Inference Module
Description
The Inference Module (hs_npu_inference
) is the computational core of the ScaleNPU, integrating all primary submodules (matrix multiplication, accumulation, activation, and output buffering) to perform matrix-based neural network inference. This module manages data flow between subunits to achieve matrix multiplication, bias addition, activation, quantization, and buffering of results. Only control and interface modules are external to this computation section.
Features
- Modular Subunits: Combines matrix multiplication, accumulation, activation (with quantization), and output FIFOs.
- Activation Flexibility: Support for multiple activation functions, with ReLU currently implemented.

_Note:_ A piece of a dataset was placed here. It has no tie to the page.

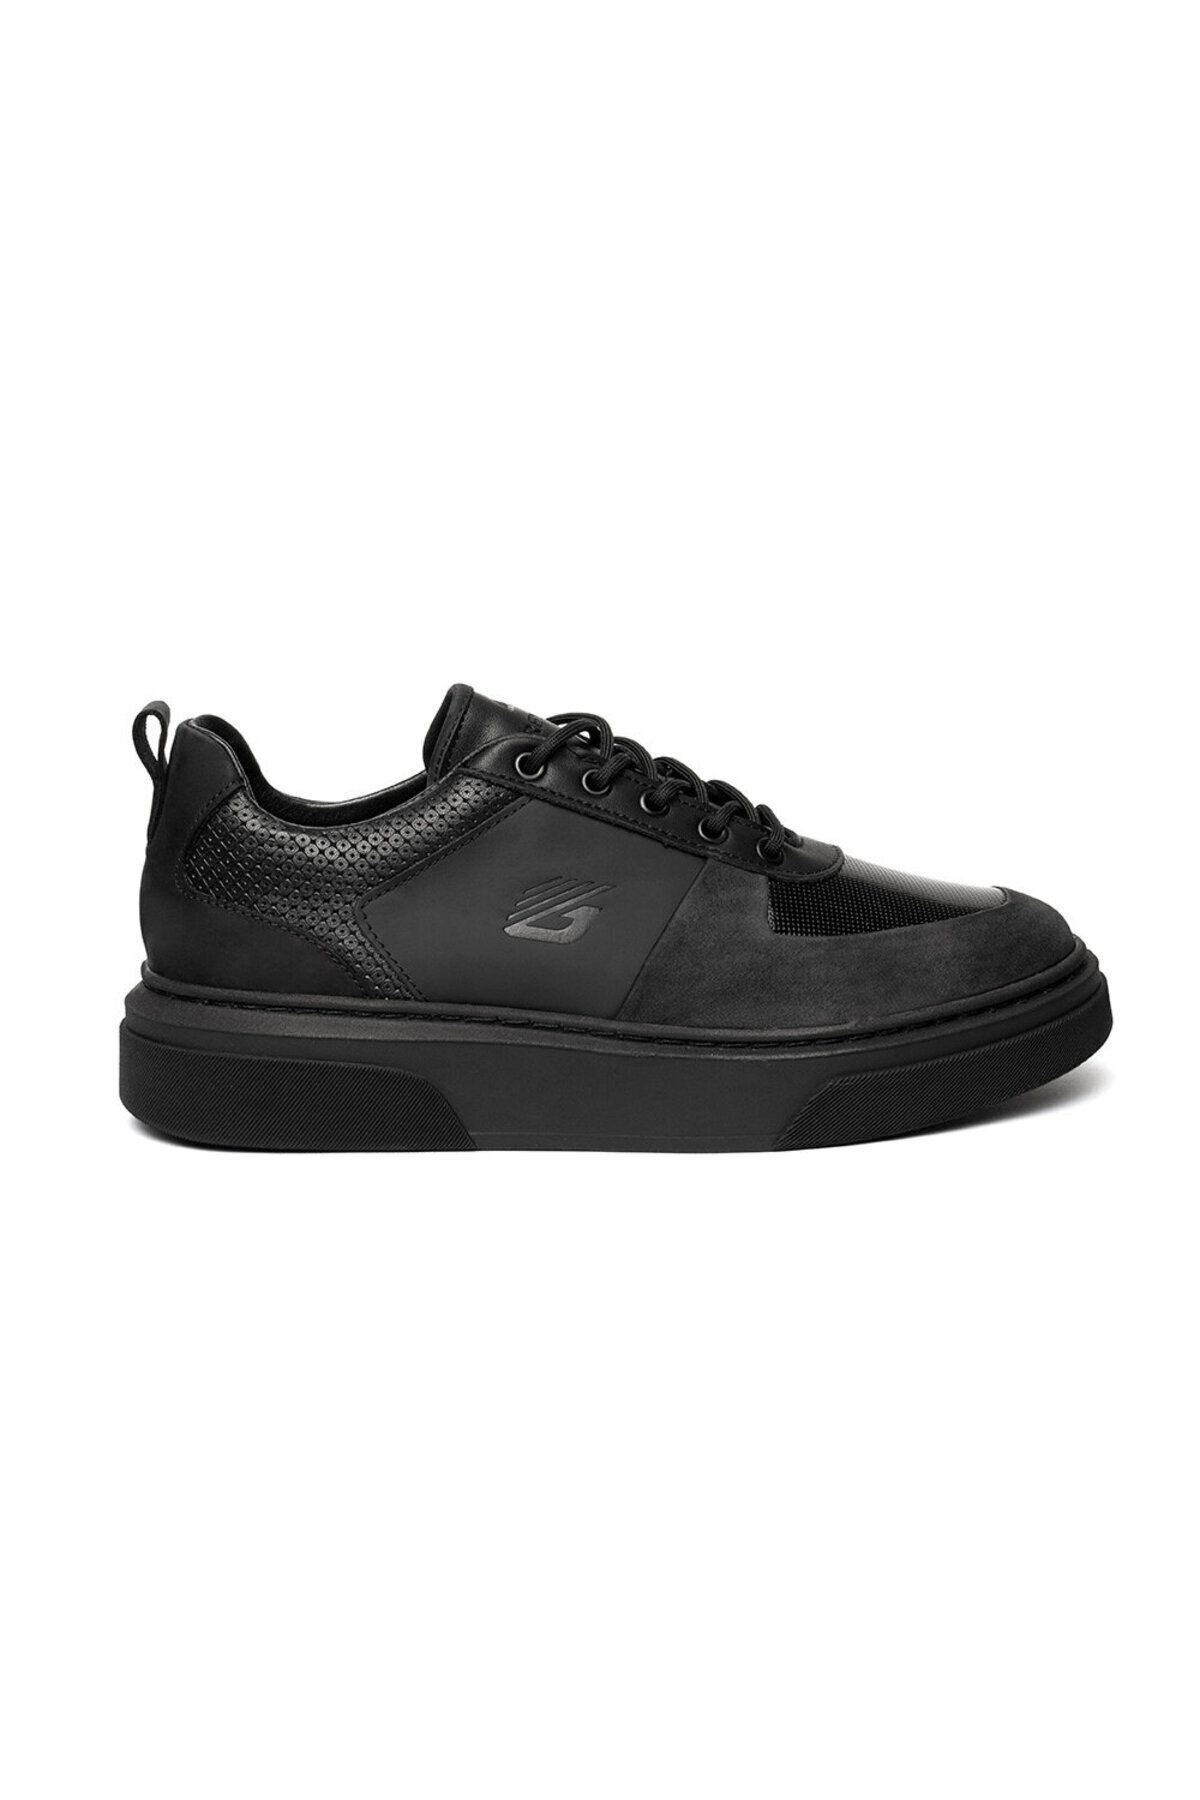 Greyder Erkek Siyah Hakiki Deri Sneaker Ayakkabı 3k1sa16410 Fiyatı ...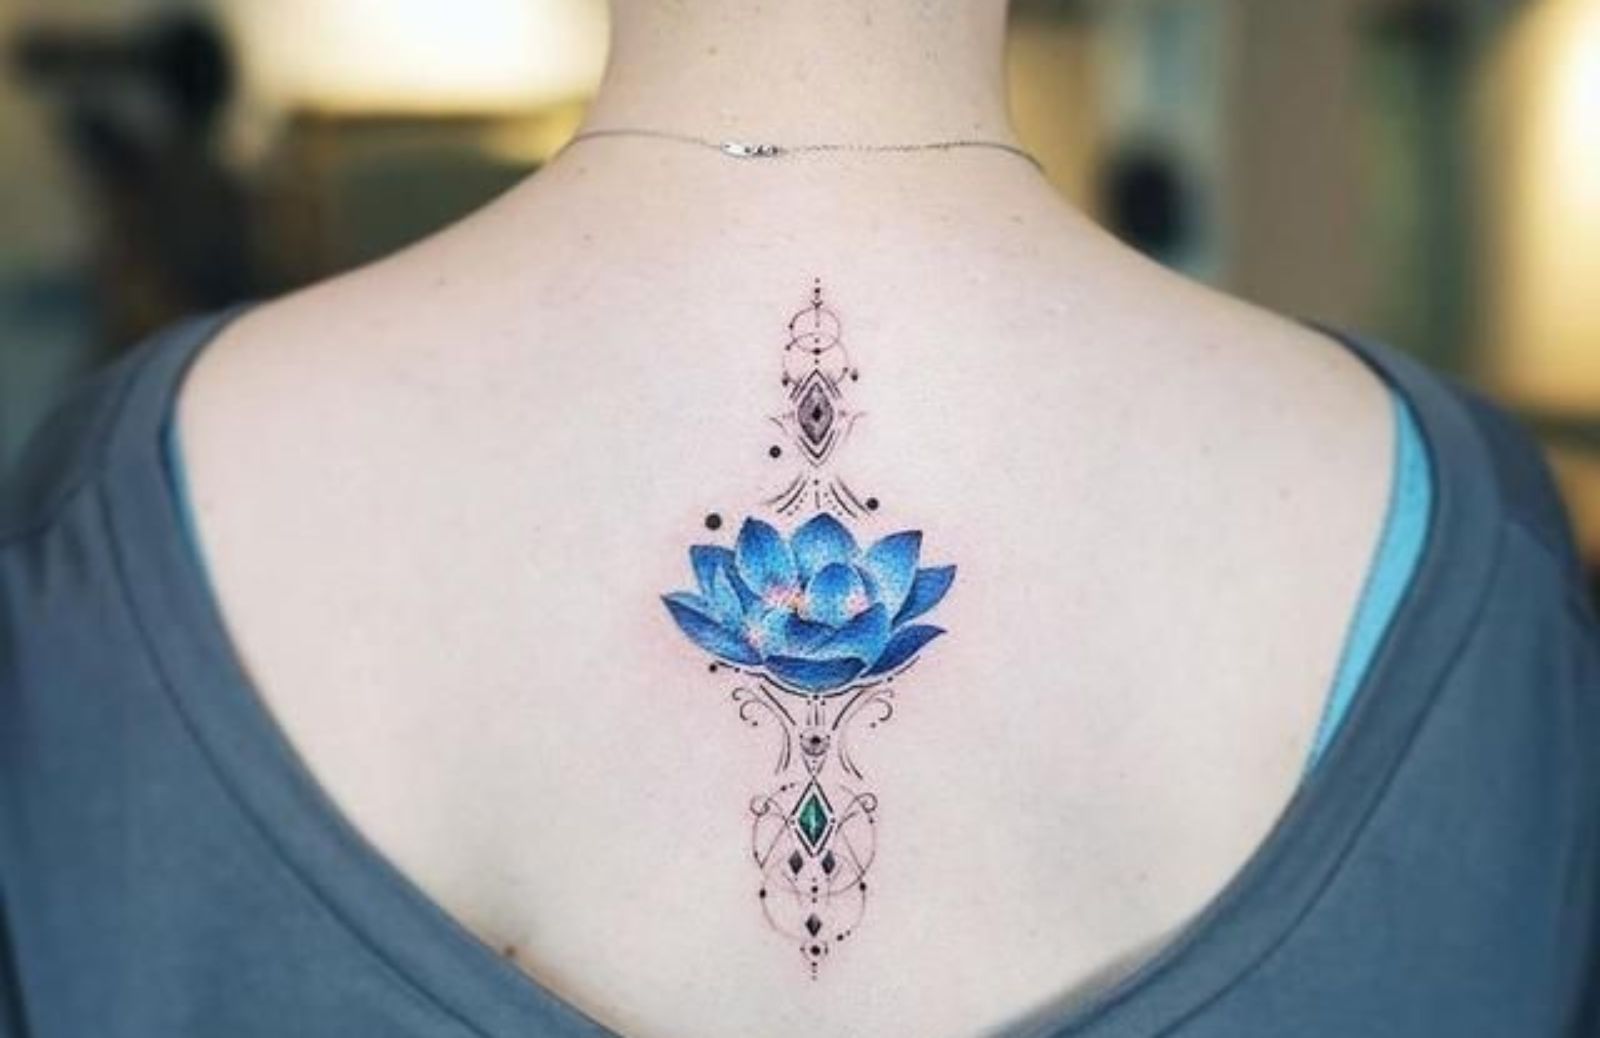 Cosa significa il tattoo fiori di loto?

- Configurable Data Precision: Supports distinct data widths and customizable quantization through a shift operation.
I/O Table
Input Table
Input Name | Direction | Type | Description |
---|---|---|---|
clk |
Input | logic |
Clock signal for synchronization. |
rst_n |
Input | logic |
Active-low reset signal. |
flush_input_fifos |
Input | logic |
Signal to flush the input FIFOs. |
flush_weight_fifos |
Input | logic |
Signal to flush the weight FIFOs. |
flush_output_fifos |
Input | logic |
Signal to flush the output FIFOs. |
input_matrix_row |
Input | logic[INPUT_DATA_WIDTH-1:0][SIZE] |
Row of input data matrix for each row in the systolic array. |
input_fifo_valid_i |
Input | logic |
Signal indicating valid data is present in input_matrix_row . |
input_sums |
Input | logic[OUTPUT_DATA_WIDTH-1:0][SIZE] |
Initial sums for each row in the matrix multiplication unit. |
weight_matrix_row |
Input | logic[WEIGHT_DATA_WIDTH-1:0][SIZE] |
Row of weight data matrix for each row in the systolic array. |
weight_fifo_valid_i |
Input | logic |
Signal indicating valid data is present in weight_matrix_row . |
enable_weights |
Input | logic |
Enable signal to load weights in the matrix multiplication unit. |
start_input_gatekeeper |
Input | logic |
Start signal for the input gatekeeper. |
start_output_gatekeeper |
Input | logic |
Start signal for the output gatekeeper. |
enable_cycles_in |
Input | uword |
Cycles for enabling the matrix multiplication unit gatekeepers. |
bias_values |
Input | logic[OUTPUT_DATA_WIDTH-1:0][SIZE] |
Bias values for each accumulator in the array. |
bias_en |
Input | logic |
Enable signal for loading bias values in accumulators. |
shift_amount |
Input | uword |
Shift amount for quantization in activation. |
relu_enable |
Input | logic |
Enable signal for applying ReLU activation. |
output_fifo_ready_i |
Input | logic |
Ready signal from the output FIFO gatekeeper. |
output_fifo_reread |
Input | logic |
Signal to reread from output FIFOs. |
Output Table
Output Name | Direction | Type | Description |
---|---|---|---|
input_fifo_ready_o |
Output | logic[SIZE] |
Ready signal for each input FIFO row. |
weight_fifo_ready_o |
Output | logic[SIZE] |
Ready signal for each weight FIFO row. |
inference_result |
Output | logic[ACTIVATION_OUTPUT_WIDTH-1:0][SIZE] |
Final inference results after activation and quantization for each row. |
output_fifo_valid_o |
Output | logic[SIZE] |
Valid signal for each output FIFO row. |
Module Behavior and Data Flow
The inference module performs inference by coordinating data flow between its subunits, from input processing to final output generation:
-
Matrix Multiplication: Input and weight data are fed to the matrix multiplication unit (MMU), which computes the partial sums and forwards the results to each accumulator.
-
Accumulation: Each accumulator adds a bias value to the output from the MMU, enabling fine-tuning of the final result.
-
Activation & Quantization: The activation unit applies the ReLU function and performs quantization by shifting the accumulated results. The final data is truncated to
ACTIVATION_OUTPUT_WIDTH
bits, yielding the processed inference results. -
Output Buffering: The processed data is stored in output FIFOs, which manage the data flow to external modules based on the
output_fifo_ready_i
signal.
Diagram
The following diagram illustrates the inference module, its inputs, outputs, and internal signal paths.
Related Files
File Name | Type |
---|---|
hs_npu_inference | Top Module |
hs_npu_mm_unit | Submodule - Matrix Multiplication Unit |
hs_npu_accumulator | Submodule - Accumulator |
hs_npu_activation | Submodule - Activation and Quantization |